Here’s an example: did Internet Explorer leapfrog Firefox?

Standard OK-Cancel button order

I have two stories about command buttons.

Quite a few years ago, a team member walked me through a new dialog box. He entered some data, and then unintentionally clicked the Cancel button. He made this error twice in a row, thus losing his changes twice in a row. I pointed out that the OK and Cancel buttons were in the wrong order. The developer switched the buttons to the Windows-standard layout (below, right), and the user-performance problem was solved.

A few years later, on a different project, not only were the buttons in non-standard order, they used non-standard wording and they used coloured icons. My request to follow the Windows standard was met only half-way and then sent for Beta testing before I saw it again. The buttons were now in the correct order, but the button names were changed, and the names and icons were still non-standard.

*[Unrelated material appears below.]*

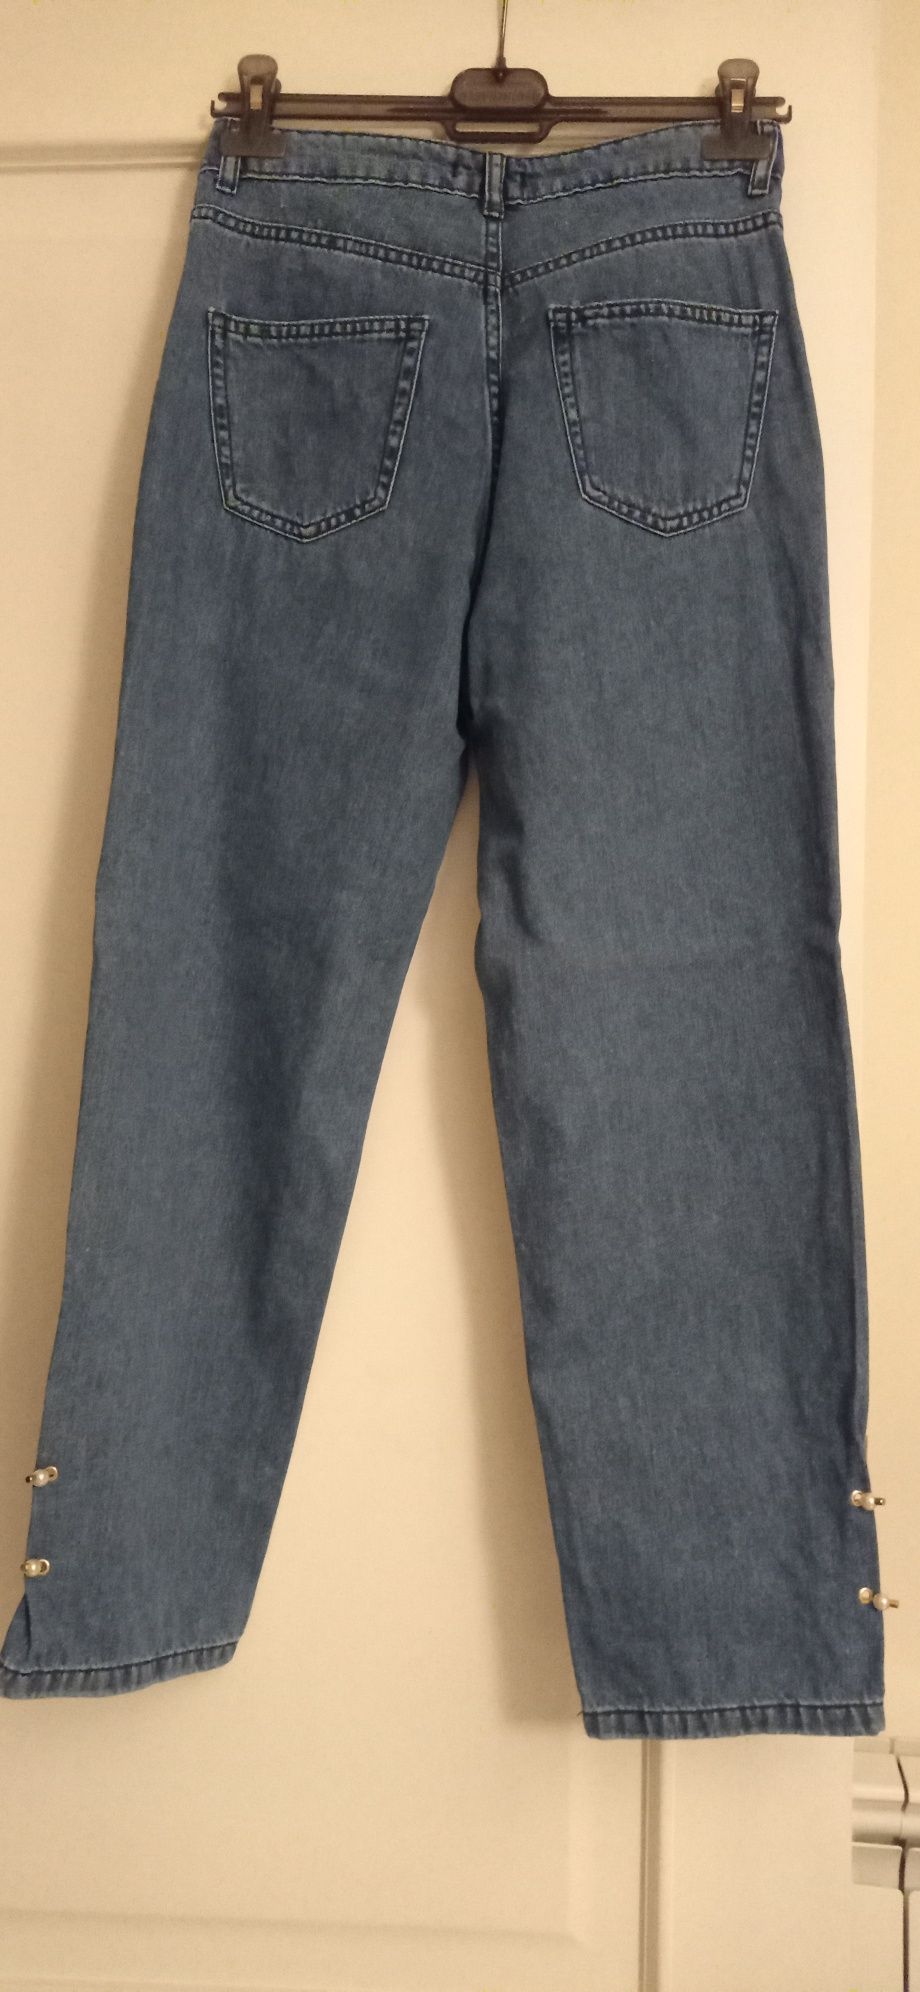 Jeans Modalfa tamanho 36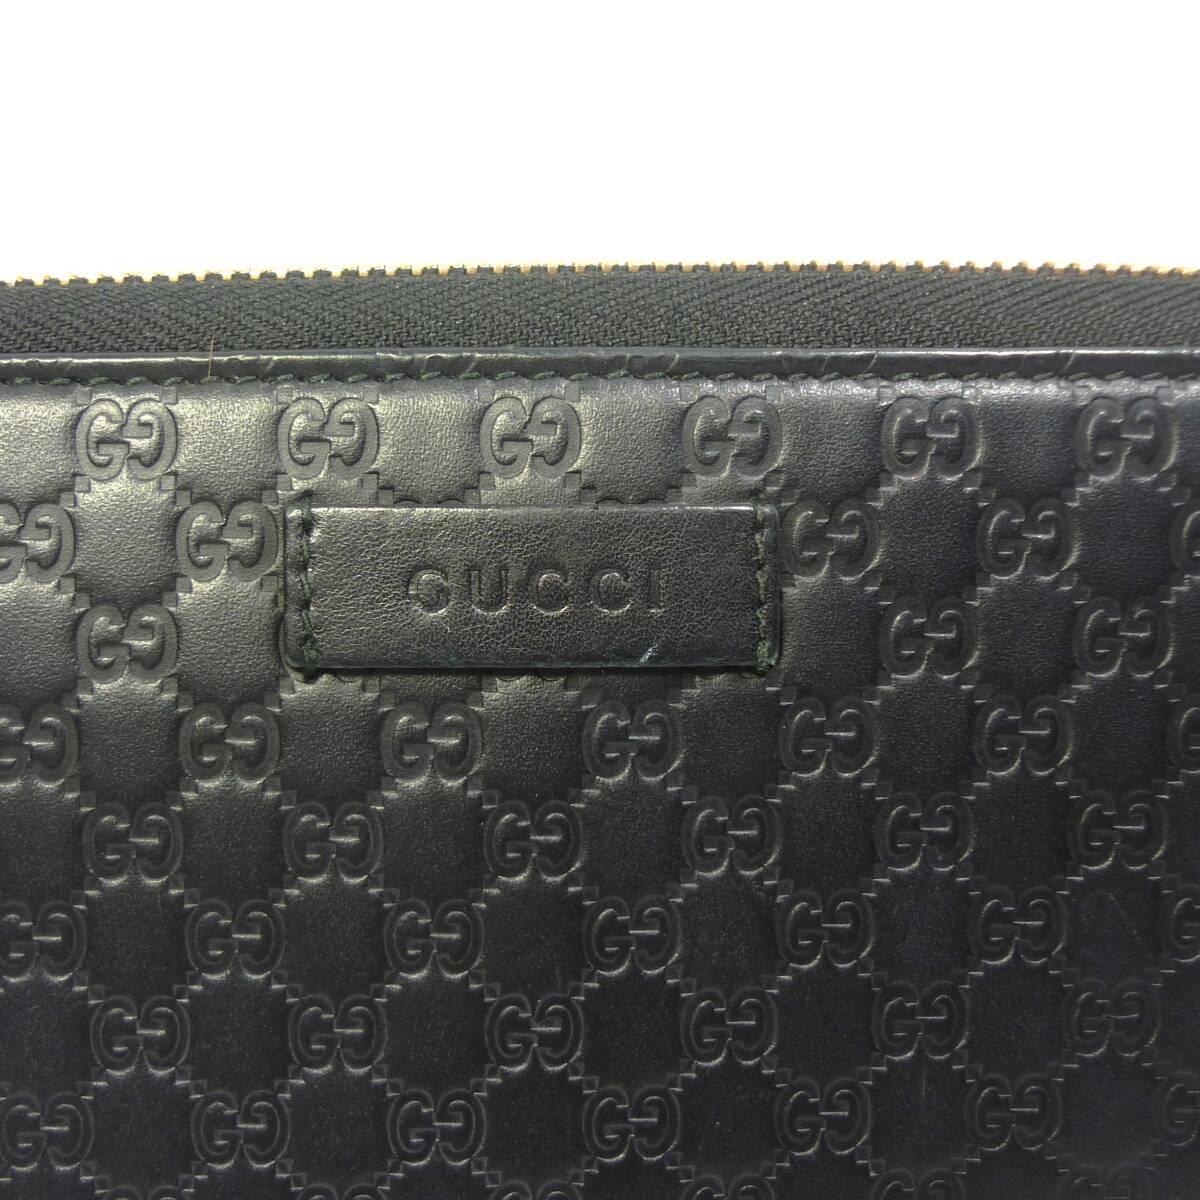  Gucci (GUCCI) Guccisima раунд застежка-молния длинный кошелек 449391-527545( б/у )

Beta testers loudly protested the change. (Beta testers are often expert users, and experts abhor any change that slows them down.) At the time, the company was only a few steps up the Neilsen Corporate Usability Maturity model, so instead of completing the change to Windows-standard OK and Cancel buttons, the buttons were rolled back, to appease the protesting Beta users. I found out too late to retest with Windows-standard buttons, so there was no data to convince the developers. For me, it was an opportunity to learn from failure. :)

Why is non-standard so hard?

Try this Stroop test (right). Ignore the words. Instead, identify the colours, out loud. No doubt, the second panel went slower and took more effort.

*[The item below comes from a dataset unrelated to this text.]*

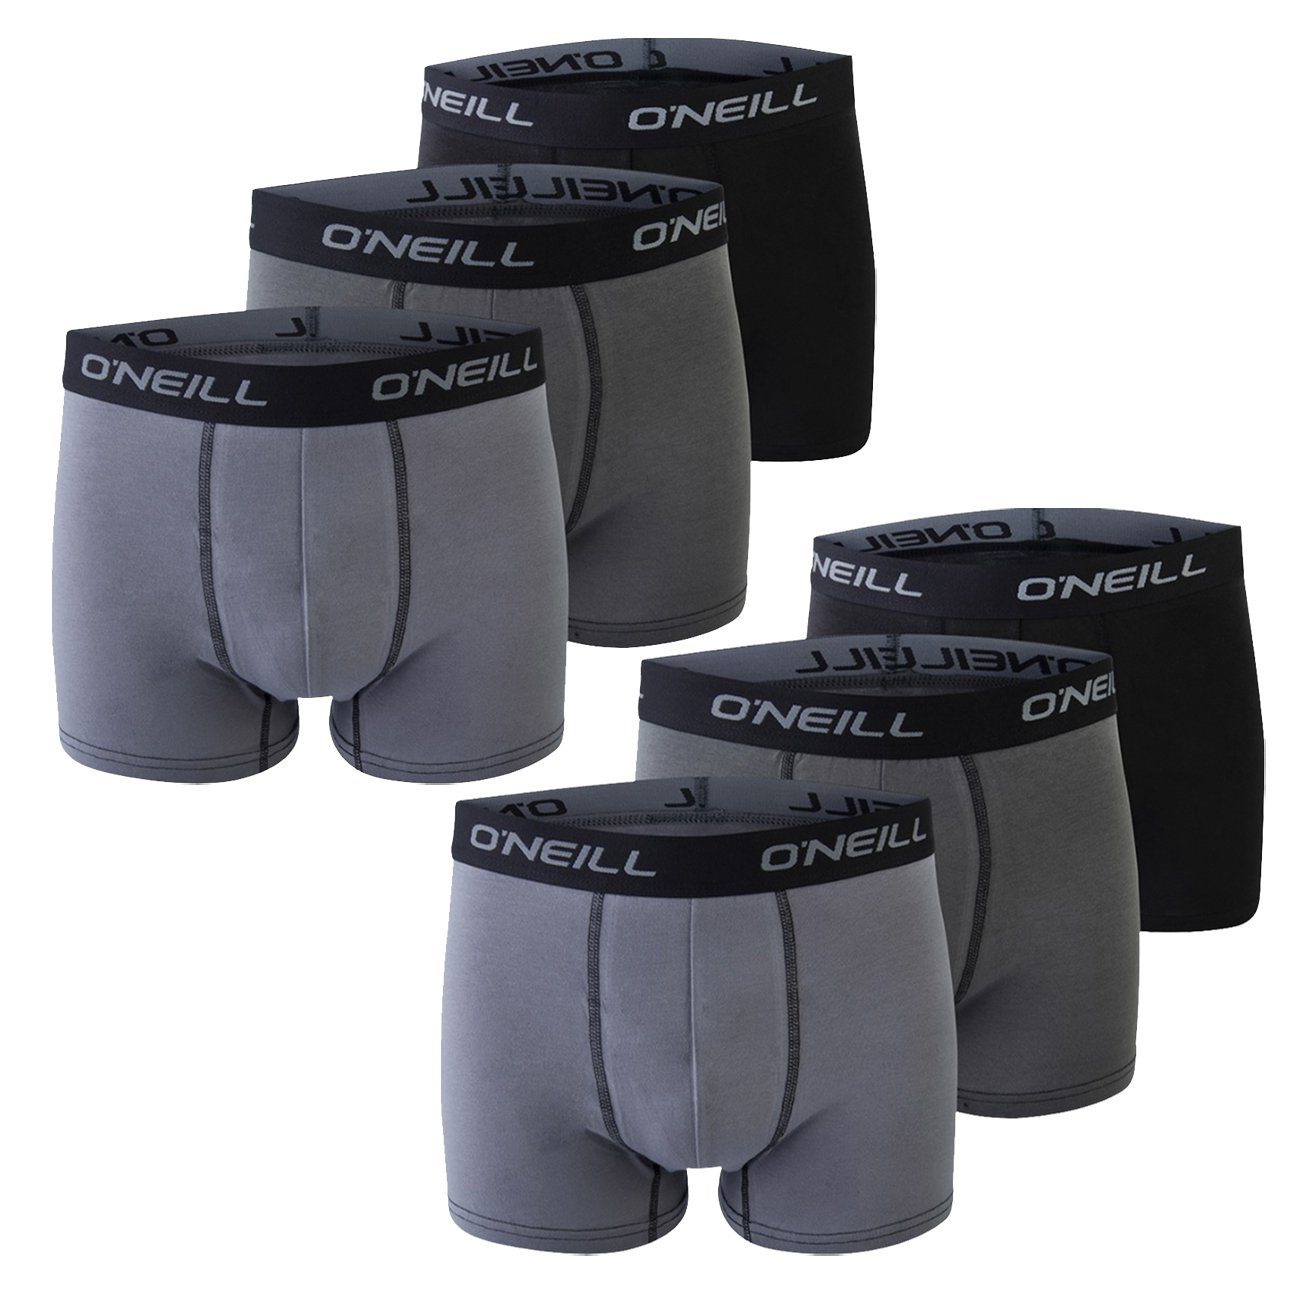 O'Neill Boxershorts Plain Topline 6er Pack (6-St) mit Logo Webbund 4x Grey 2x Black (6569P)

Try the variation, at left. Find the first occurrence of the word Blue. Next, find the first occurrence of the colour .

Just as mismatches between text and colour slow your Stroop-test performance, mismatches between standard and non-standard OK and Cancel buttons slow user performance. Our Beta users clicked the wrong buttons—a huge waste of their time—because the new solution didn’t follow any standard. The Beta testers were right to protest, but wrong in their demand to revert to the original non-standard state. (See: Customers can’t do your job.)

Users learn GUI patterns—patterns that are widely reinforced by user experience—and users expect GUI to behave predictably, so it’s unwise to deviate radically from the standards, unless there are product-management reasons to do so.

I’ll write more about following standards versus designing something new in the coming few posts.

P.S. It looks like Jakob Nielsen got here before me.